Karen Overstreet 26:20
Okay, good to know. And I will since Kayden and Syneos Health are mentioned I am going to have to run it by some PR person. But it's a it's a pro forma thing. I just need to let them see something and it's an automatic approval.
Alexandra Howson 26:36
Well, okay, so a couple of ways I can do that. I can share with you the edited version, if you like, and you can share that or we can just I can introduce you in a different way I can record over that
Karen Overstreet 26:48
They actually prefer for the company name to be in there.
Alexandra Howson 26:50
Actually they would. Okay. All right, then then that's good. I'll, I'll share with you the final kind of product and then you can or the edited version, so that you can you can pass that through whatever channels you need to. And yeah, no, I thought it was good. I knew it. I knew it would take us in a few different directions. And that's what I like.
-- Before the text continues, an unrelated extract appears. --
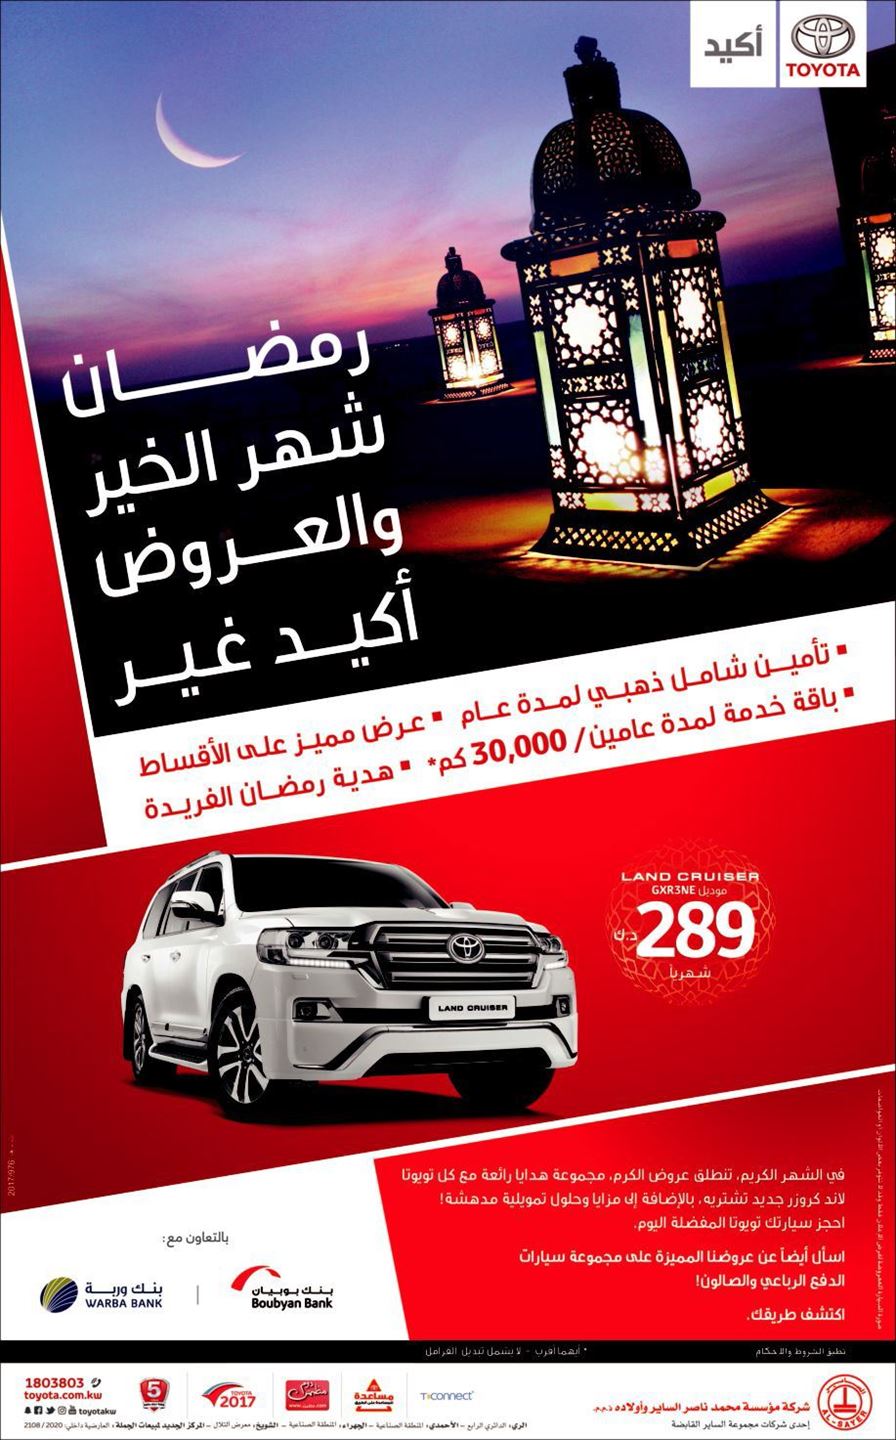 Toyota Offers in cooperation with Boubyan Bank and Warba Bank

So, I wish we had longer.
Karen Overstreet 27:12
Oh, I know. I know. We had really insightful if we want to schedule some more time. I'm happy to.
Alexandra Howson 27:18
Or maybe we can do a kind of follow up, you know, like a partner or something. You know, if you're if you if you like the first one, but no, that was that was great. I just wish we had more time. Yeah. I could keep talking all the time.
Karen Overstreet 27:34
All right, it was great catching up with you. And yeah, happy to do a part two, if that would be helpful.
Alexandra Howson 27:39
Yeah, no, I think that that could be good. You have such a wealth of expertise. And I I know you have a call, but I think it would be good to get into gender and women in education. So, I might do a themed series or season or something. Okay, great. All right, Karen. Thanks
Karen Overstreet 27:57
Thanks so much, Alex. Have a good one. Here.